I'm trying to get a brushless DC motor running by driving a motor driver board with a PWM signal from my Arduino UNO. The motor driver board is a ZS-X11D1 from aliexpress, and accepts the PWM signal and runs my motor well.
The problem I have is to reverse the direction of the motor I need to ground a pin on the motor driver. If I physically connect the ground wire to the Arduino then the motor reversed perfectly.
So my question is, can I ground an output pin on the Arduino programmatically, but not have it as +5v the rest of the time? I think I need the pin to be in either of the states of GND, or otherwise disconnected. Is this possible? Any examples"
Thanks for any help/suggestions. Would be much appreciated
Jalac
Wow that was fast. Thanks so much @LarryD and @gcjr.
So I already have a pin that goes to 5v for one direction and 0v for the other. It sounds like the open-collector idea might work off that already? I'll have to research it some more, and see what I can find in my garage regarding transistors (as we're in lockdown prison right now).
Where this discussion should start is with a schematic of what’s being suggested.
Then all contributors are in sync, rather than guessing at the physical arrangement.
An ink on paper is fine for this simple circuit.
Have fun.
When the projects finished and a vague memory, your dev notes and circuit diagram will bring it back to life in minutes.
Yes I agree. I only mentioned the effect so the OP didn't think it was really an open circuit. The board he is driving is 5V based so it should not be a problem.
You guys are the greatest! But I'm a little slow at understanding these things as haven't really done a lot of electronics in recent years... I'll figure it out though.
@JohnRob, would your suggestion of making the pin an Input be able to give me an open circuit, and then GND (not 5v)
@LarryD to be honest I'm not really sure how to draw this schematically as it feels like my requirement is too simple. My understanding is that I need a pin that gives me 2 states, GND or Open Circuit.
@herbschwarz just a diode connected to the current pin that is outputting 5v or nothing (gnd?). Does this mean the 5V state is effectively blocked by the diode?

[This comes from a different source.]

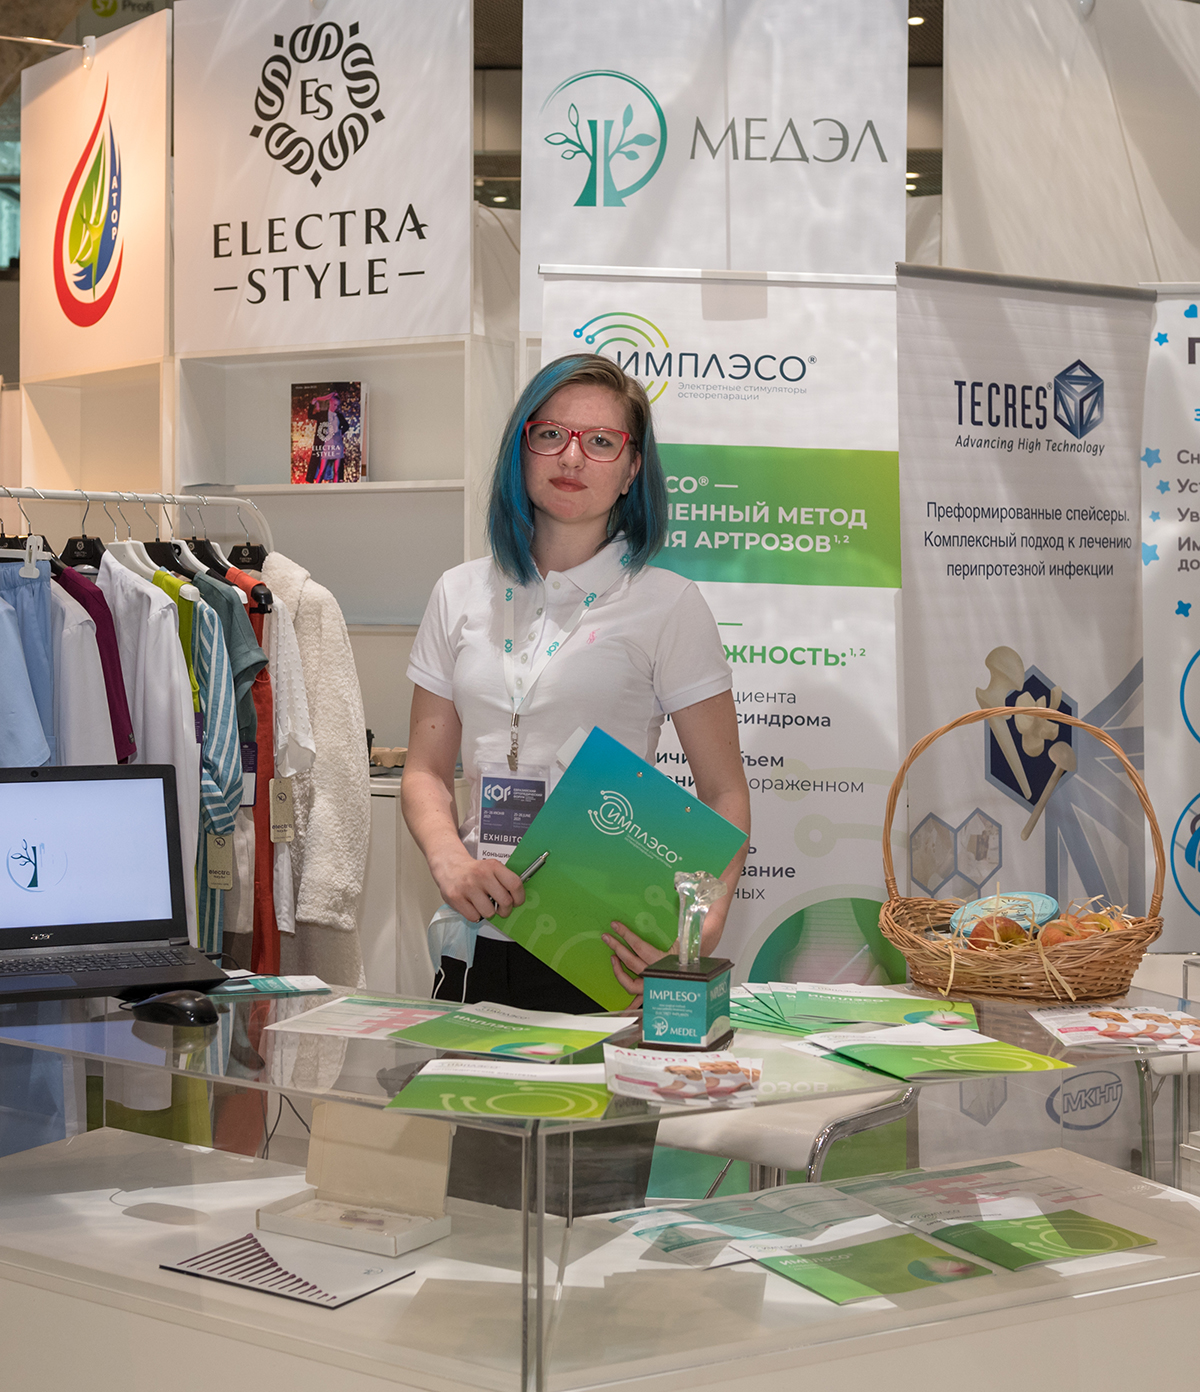 25-26 июня компания «Медэл» приняла участие в «Евразийском Ортопедическом Форуме – 2021», который прошел в Москве в Технопарке Сколково

@anon57585045 yes, maybe I'm incorrect in my assumption maybe the current pin going high/low would work as it is but I've already killed one of these driver boards by getting something like that wrong. I'll definitely look into the external diode/transistor idea. Can you explain how to connect the external diode as I'm sure I have a supply of those in my garage.
The only information I have found on this motor driver board is the diagram in my first post. There is simply nothing else I can find out there. Since it shows that pin being grounded, I'm assuming that 5v on that pin is not a good idea. I have blown one driver board already, and I have 3 in total. Willing to give it a try, as I need to order more now anyway.